[Work to be completed] Restate the listing below line for line and word for word, without the pictures.

[Given material]
-------

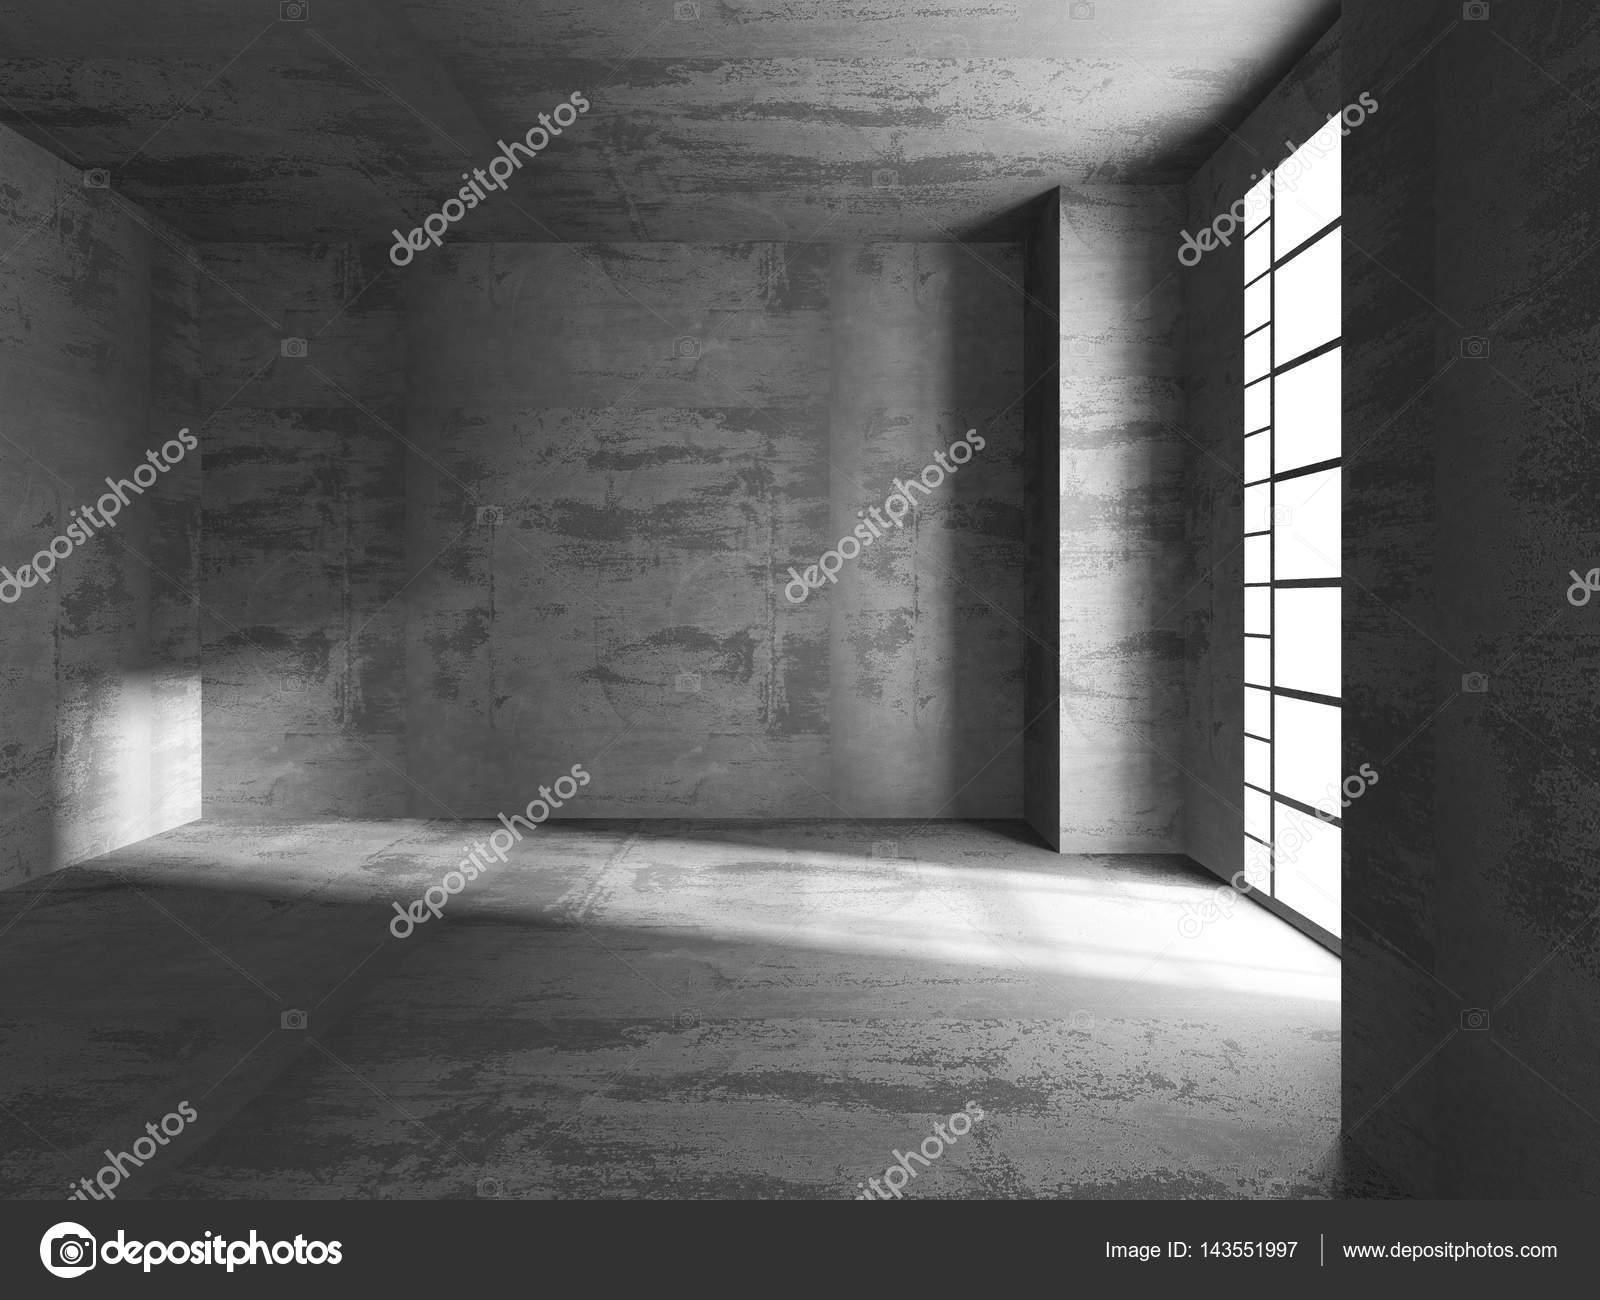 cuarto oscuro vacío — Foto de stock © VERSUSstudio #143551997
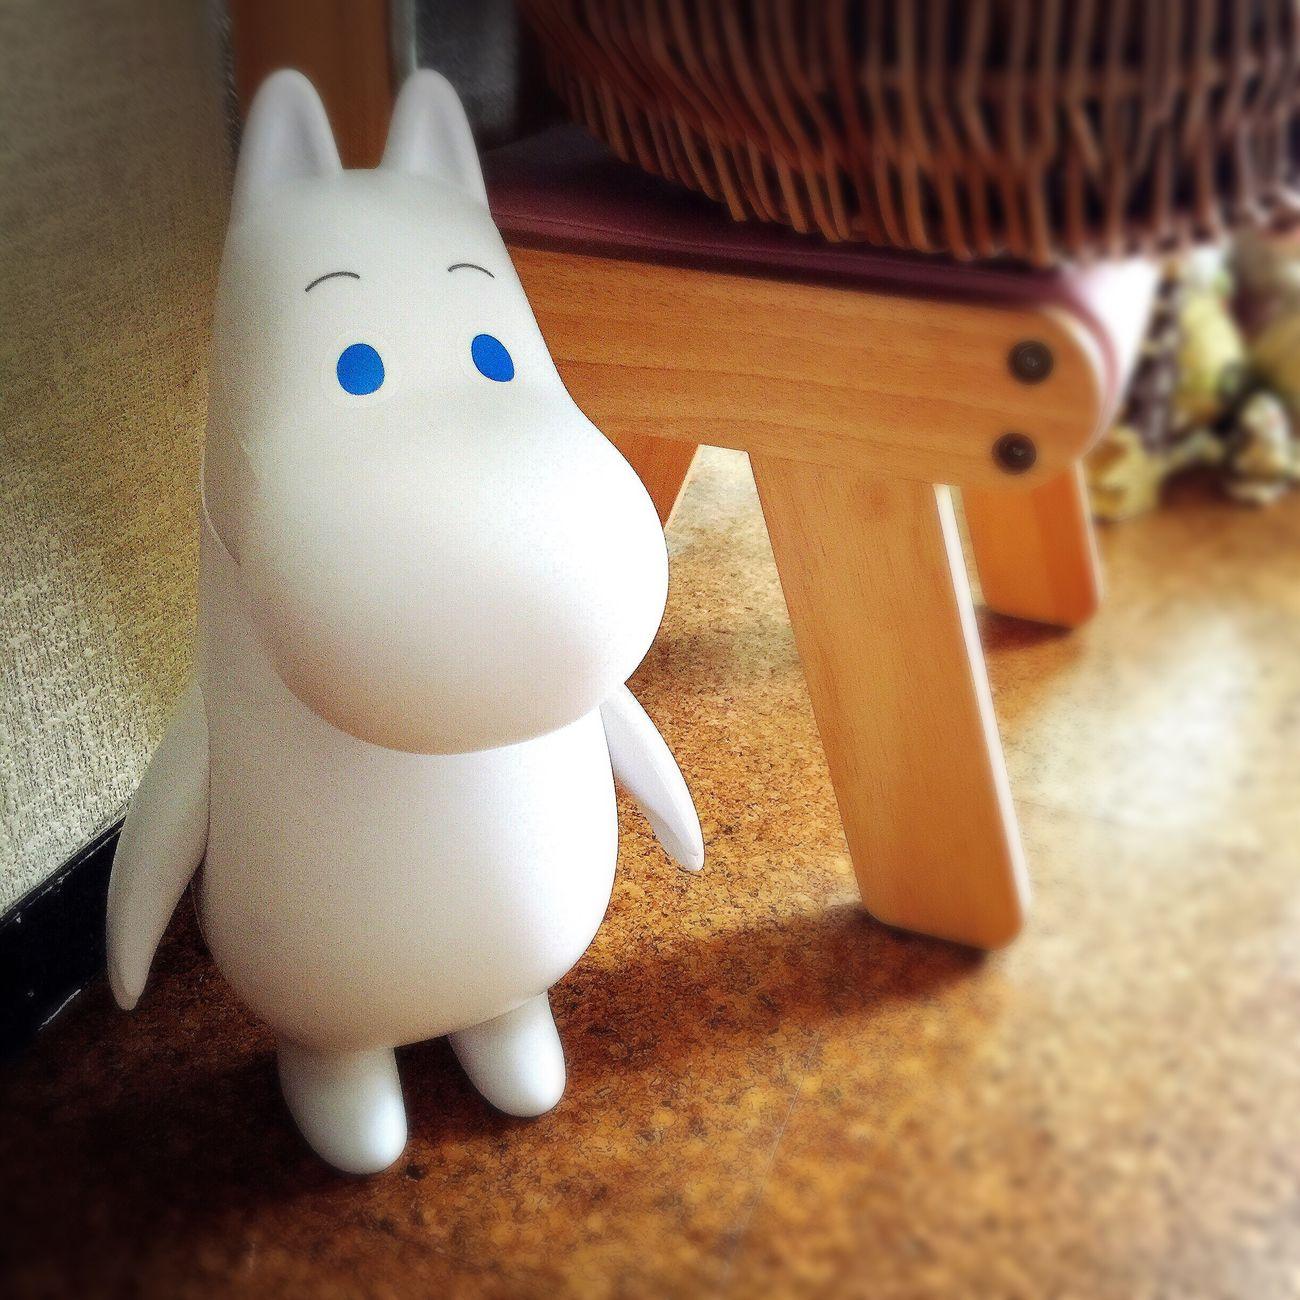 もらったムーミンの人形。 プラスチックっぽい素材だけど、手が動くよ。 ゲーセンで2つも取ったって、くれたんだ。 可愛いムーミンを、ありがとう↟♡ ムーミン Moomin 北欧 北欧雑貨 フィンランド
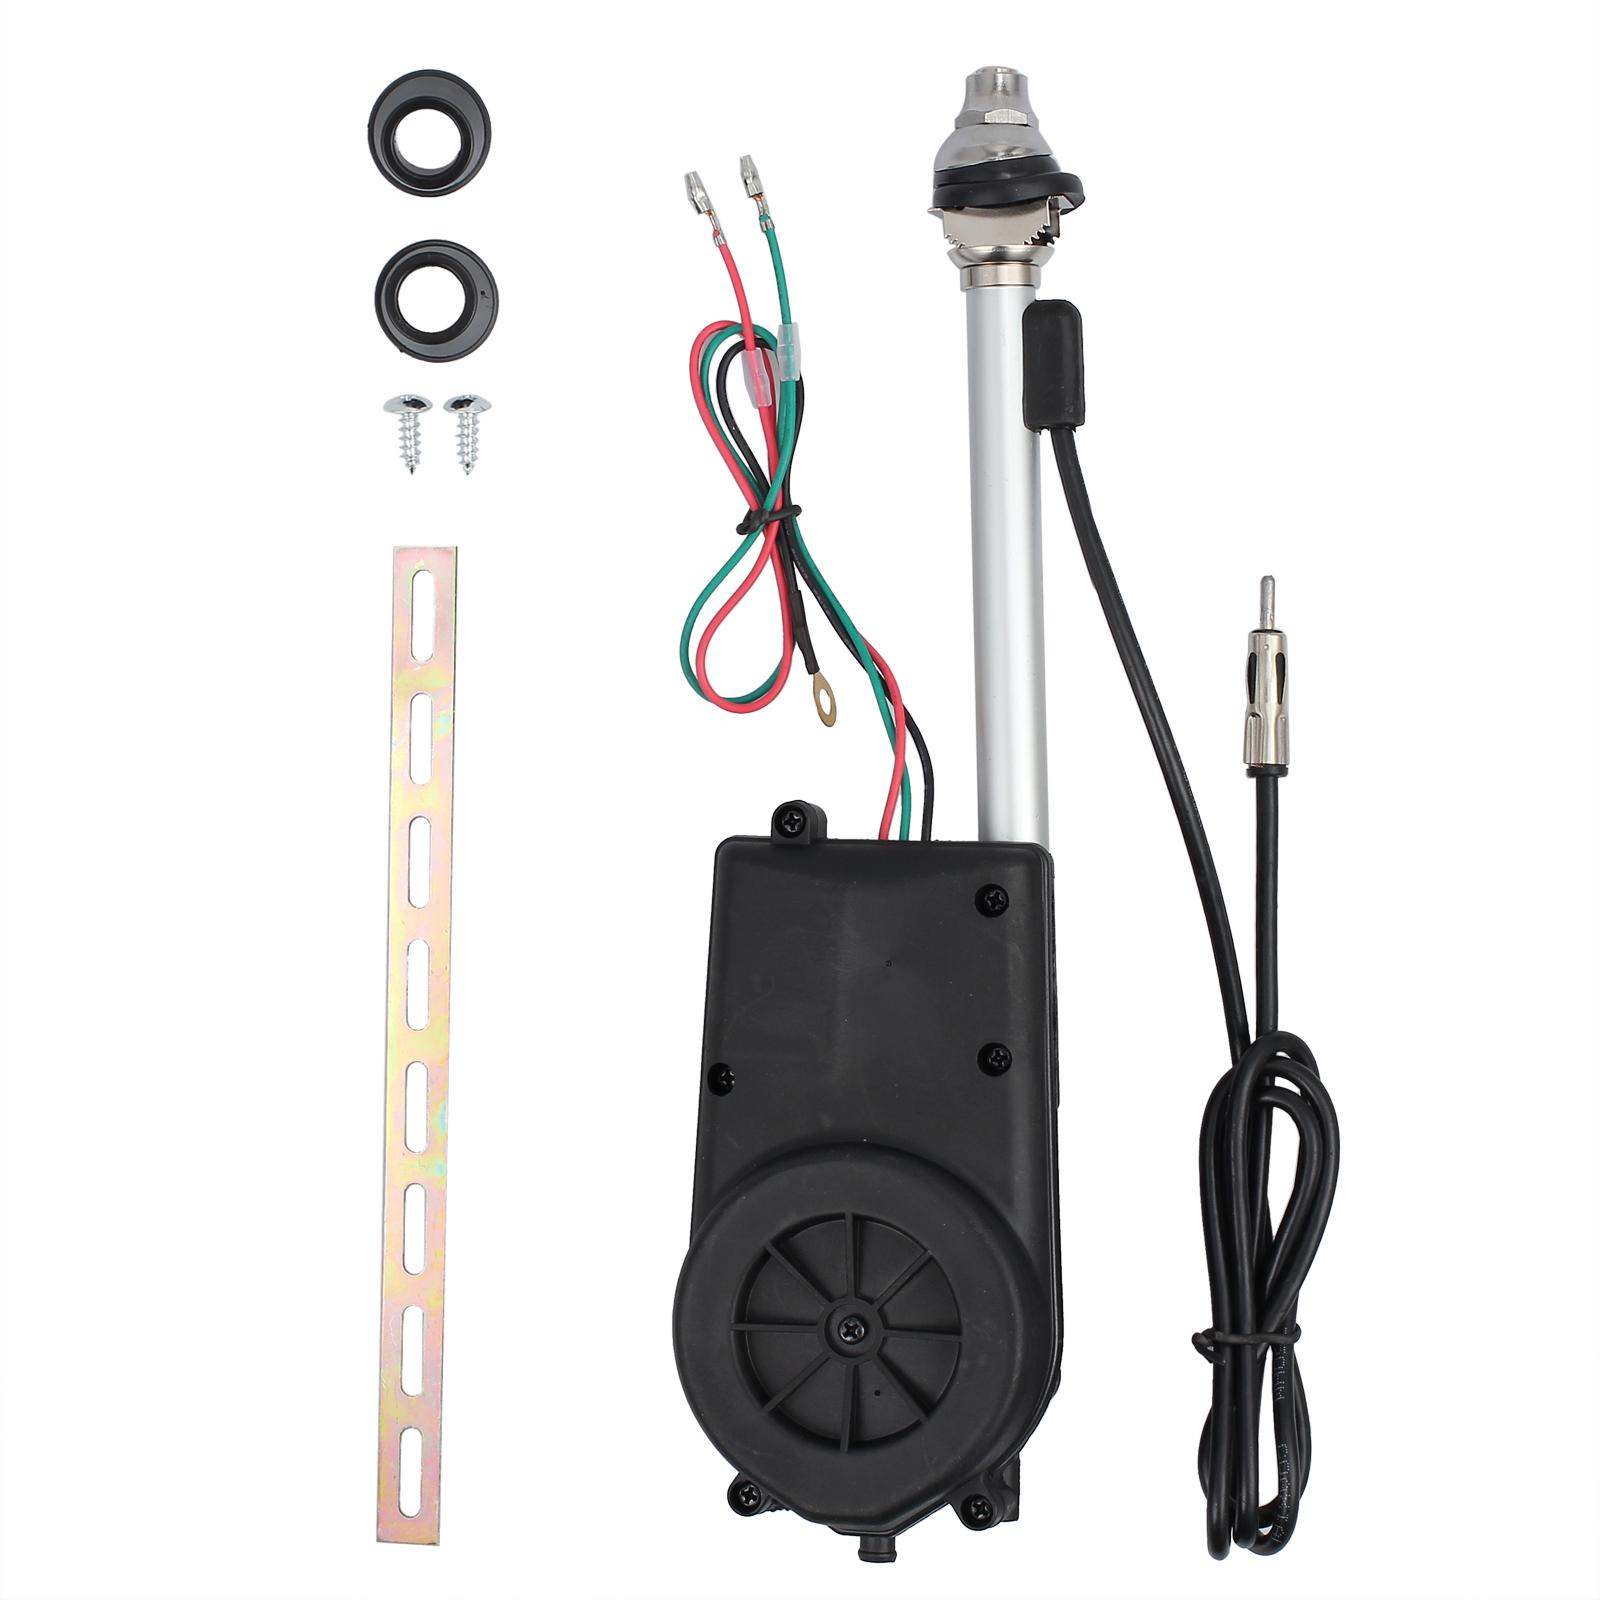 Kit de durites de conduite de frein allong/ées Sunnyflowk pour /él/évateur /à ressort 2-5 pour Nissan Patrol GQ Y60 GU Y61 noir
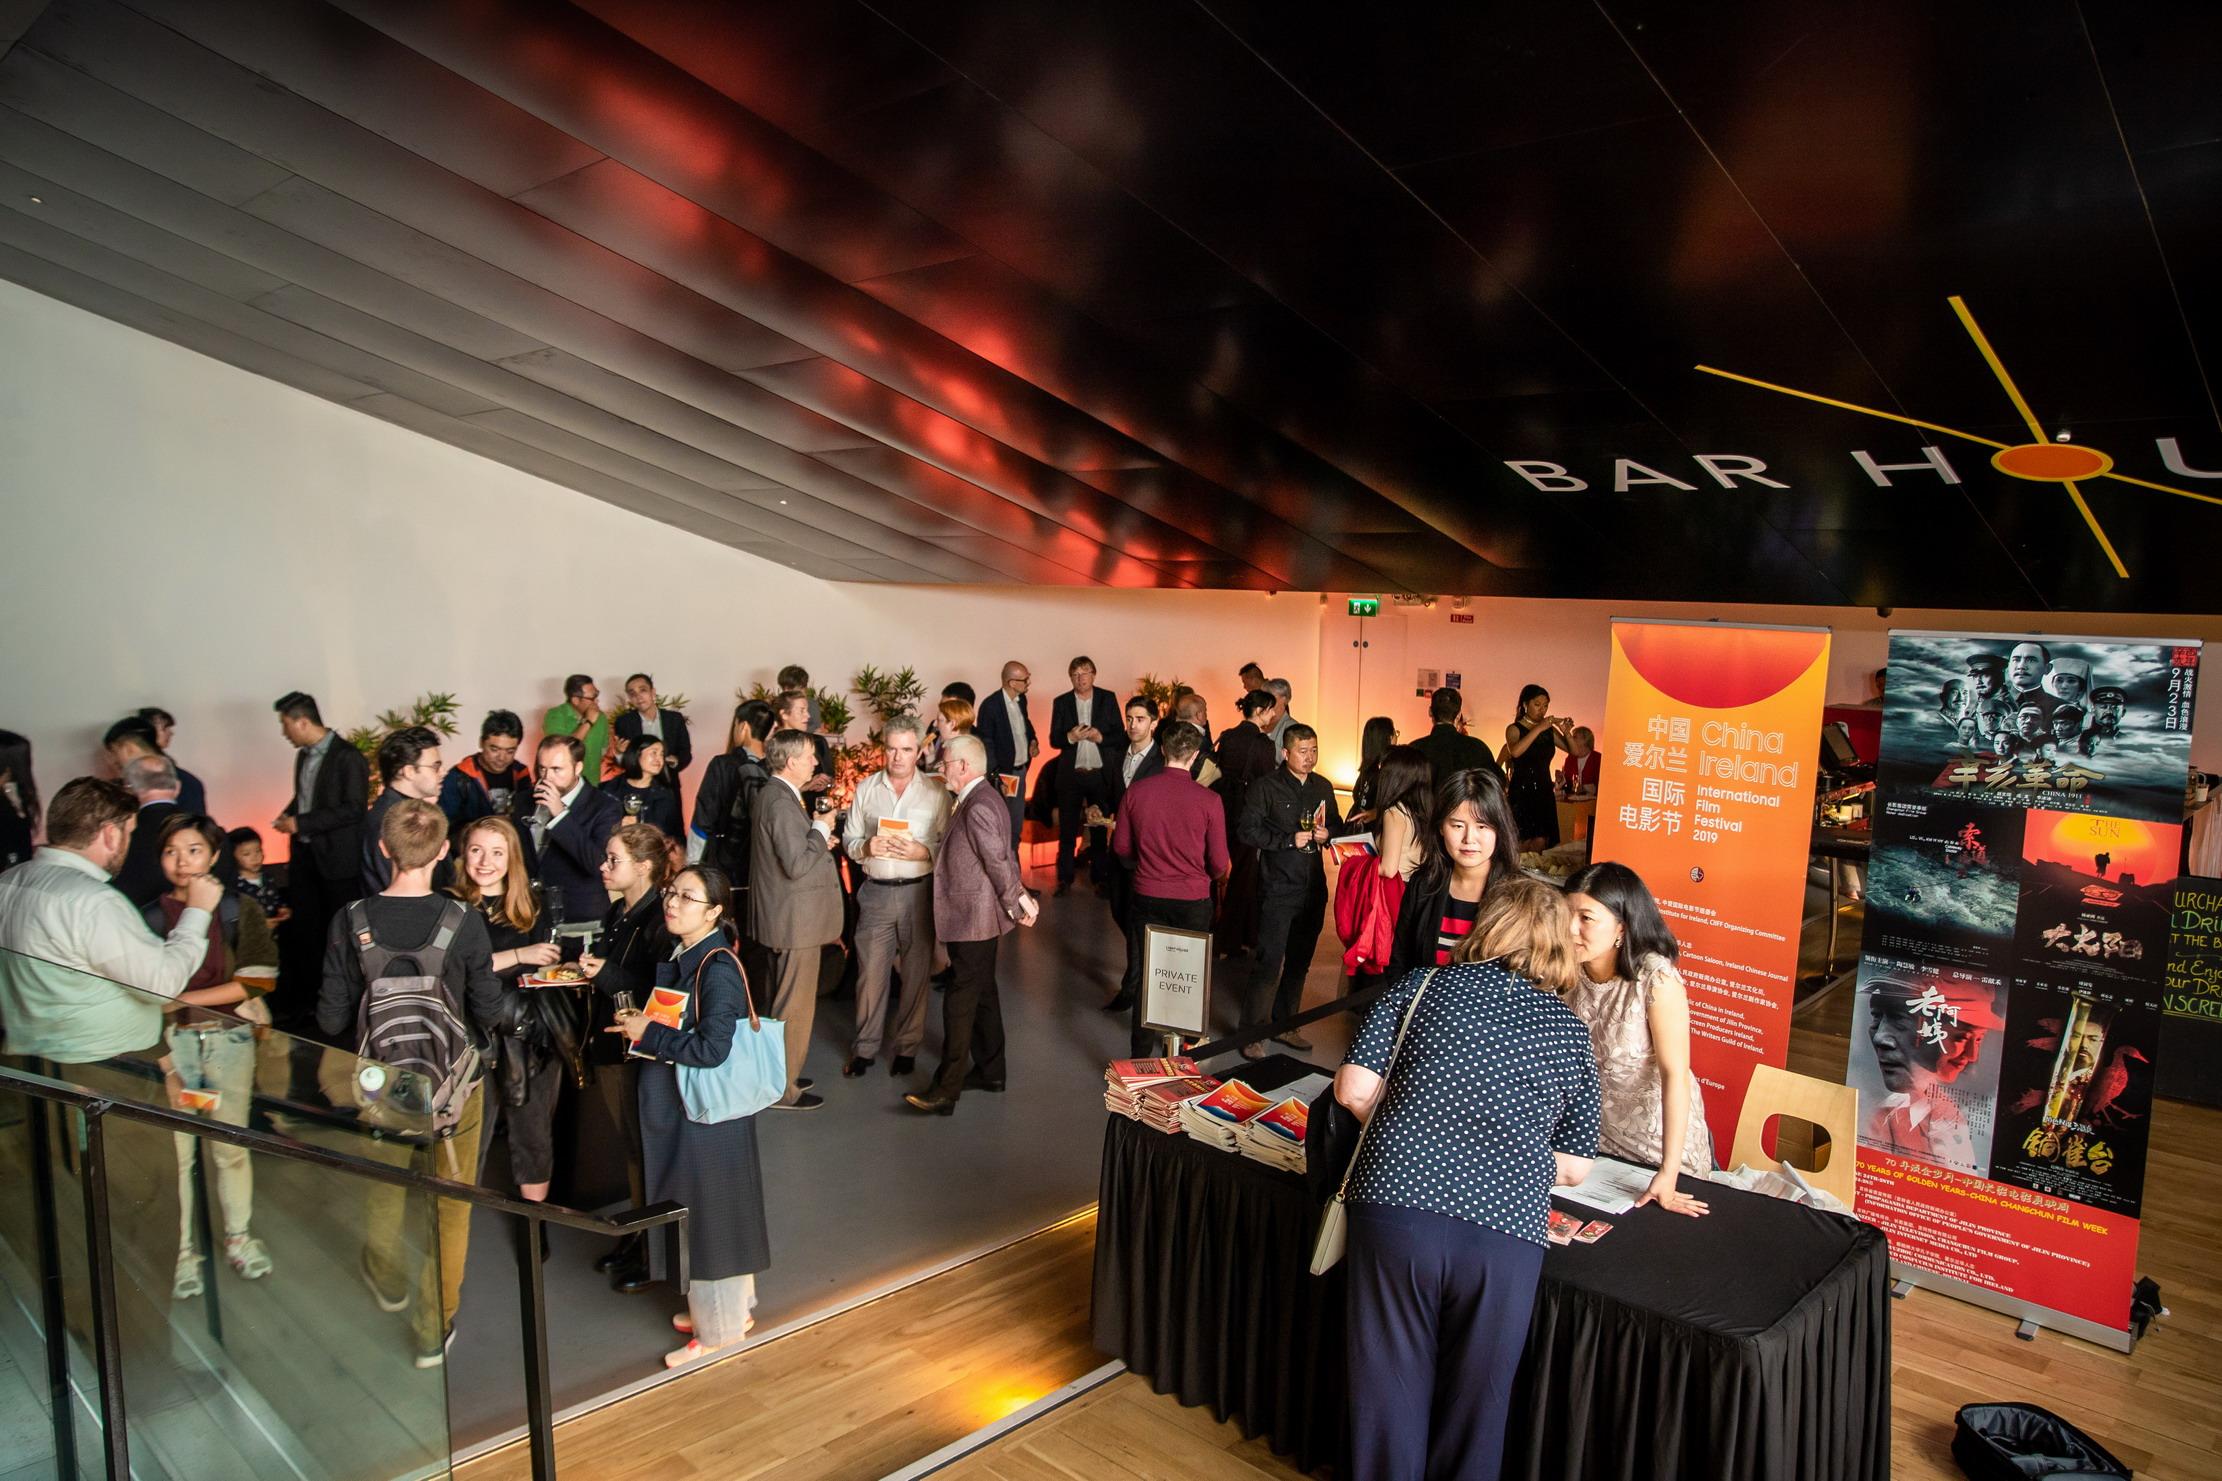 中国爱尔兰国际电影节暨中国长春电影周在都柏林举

-------

[Expected answer]
 cuarto oscuro vacío — Foto de stock © VERSUSstudio #143551997
 もらったムーミンの人形。 プラスチックっぽい素材だけど、手が動くよ。 ゲーセンで2つも取ったって、くれたんだ。 可愛いムーミンを、ありがとう↟♡ ムーミン Moomin 北欧 北欧雑貨 フィンランド
 Kit de durites de conduite de frein allong/ées Sunnyflowk pour /él/évateur /à ressort 2-5 pour Nissan Patrol GQ Y60 GU Y61 noir
 中国爱尔兰国际电影节暨中国长春电影周在都柏林举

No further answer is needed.